2007-04-05 Thread C.L.
I was looking for a function or method that would return the index to the first
matching element in a list. Coming from a C++ STL background, I thought it might
be called find. My first stop was the Sequence Types page of the Library
Reference (http://docs.python.org/lib/typesseq.html); it wasn't there. A search
of the Library Reference's index seemed to confirm that the function did not
exist. A little later I realized it might be called index instead. Voila.

My point is that the docs list and describe it as a method that only exists for
MUTABLE sequences. Why only for mutables? The class of objects I would expect it
to cover would be all ordered sequences, or, to phrase it a little more
pointedly, anything that supports ordered INDEXing. My understanding is that
dict's don't fall into that class of objects since their ordering is not
documented or to be depended on. However, tuple's do support ordered indexing,
so why don't tuple's have an index method?
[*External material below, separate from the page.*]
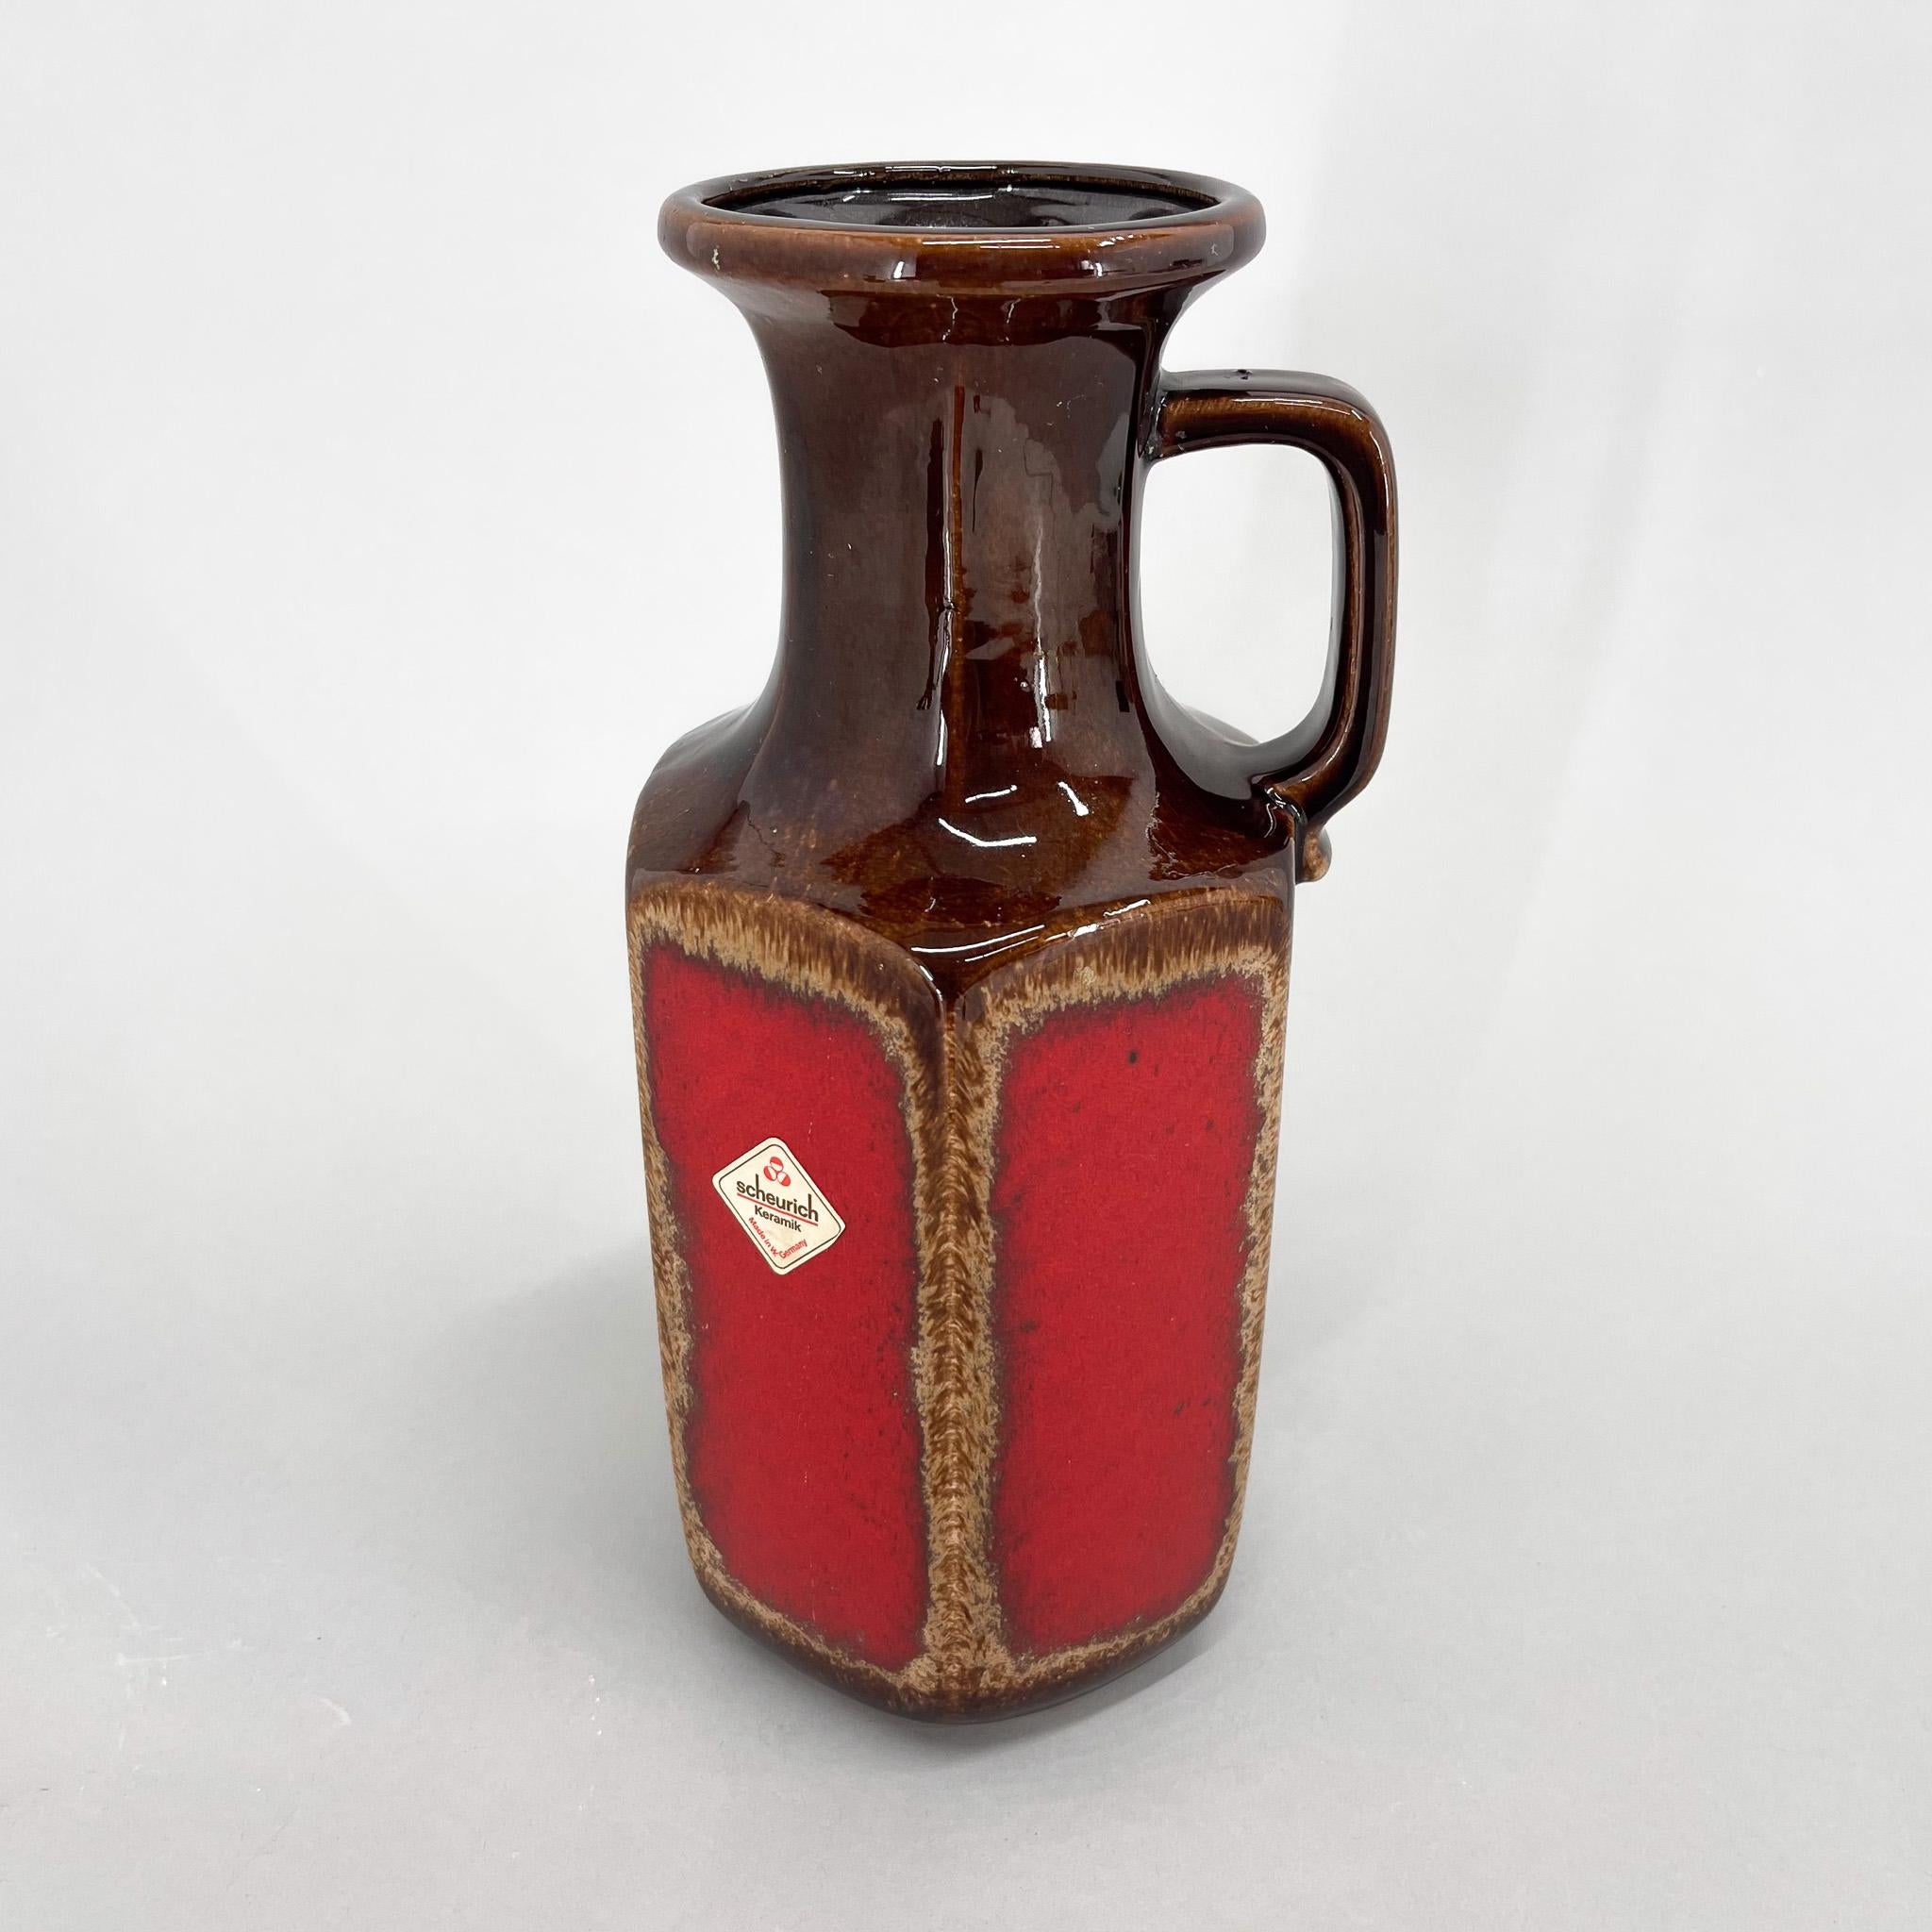 1970s Glazed Ceramic German Vase/Jug by Scheurich Keramik, Labeled In Good Condition For Sale In Praha, CZ

P.S.: I know I haven't yet gotten an answer to my why question yet, but,
assuming it's just an oversight or an example of design without the big picture
in mind, an added benefit to fixing that oversight would be that the index
method's documentation could be moved from the currently odd seeming location on
the Mutable Sequence Types page to a place someone would look for it 
logically.

P.P.S.: As much as the elementary nature of my question would make it seem, this
isn't my first day using Python. I've used it on and off for several years and I
LOVE Python. It is only because of my love for the language that I question its
ways, so please don't be overly defensive when I guess that the cause for this
possible oversight is a lack of design.